Listening to: “Tiger, Tiger” – Bishop Allen

When I was in college, I was covered on my parent’s health insurance plan. After college, I had a full-time gig as an editorial assistant that provided some really crappy health insurance, but it still covered the big emergency stuff. I was laid off from that job in the spring of 2007, and I have been uninsured ever since then. I weened myself off the prescriptions I was taking at the time, and stopped going for annual appointments. If I’m ever in a fix (eye infection, sinusitis, stingray puncture, etc.), I go to urgent care centers and swallow the expense.

Do I want health insurance? Of course. Do I think I’m “invincible”? Of course not. I’m a freelance writer. Sometimes I’m a waitress. Last fall, I got laid off (again) from a “full time” job that didn’t give me benefits. These days, I live paycheck to paycheck, and sometimes without paychecks.

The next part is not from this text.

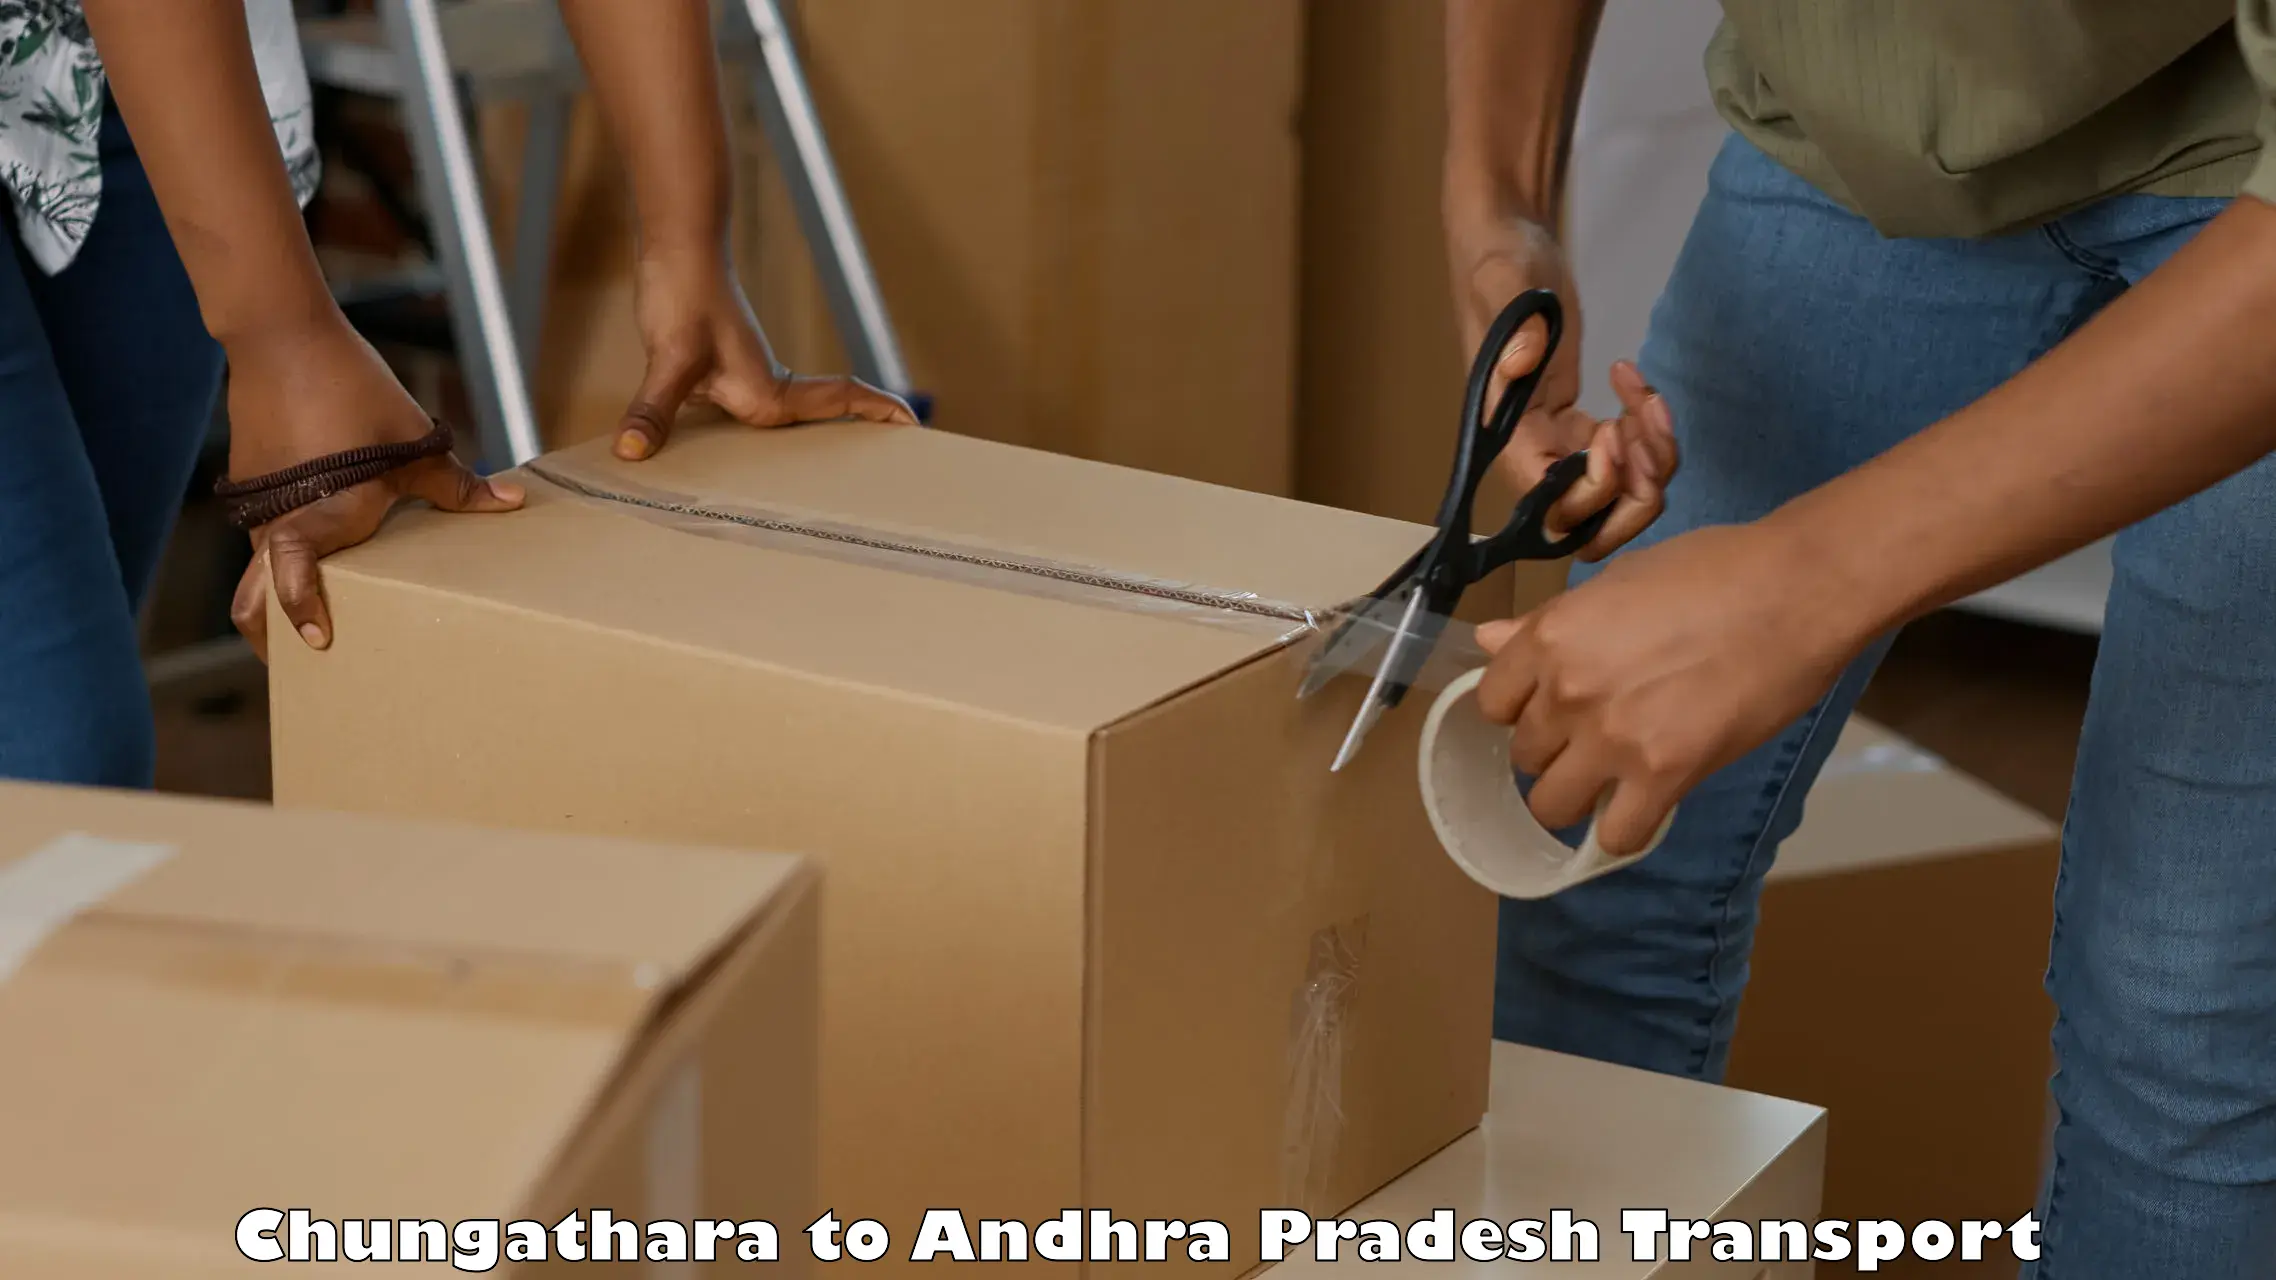 Container transport service Chungathara to Tripuranthakam

I live in Massachusetts, where supposedly healthcare is universal.

Bullshit.

Last year, I got penalized on my taxes for not having insurance. At my last “full time” gig, I lobbied for insurance and was denied. For the past 6 months, I’ve been playing mail tag with Commonwealth Connector, trying to get on the Commonwealth Care program. I’ve sent them every conceivable proof of my income, and they still want more. I don’t know how many other ways to tell them that as a freelancer, I don’t get W-2s. A few weeks ago, they tried to close my claim because they said I hadn’t provided the proper documentation.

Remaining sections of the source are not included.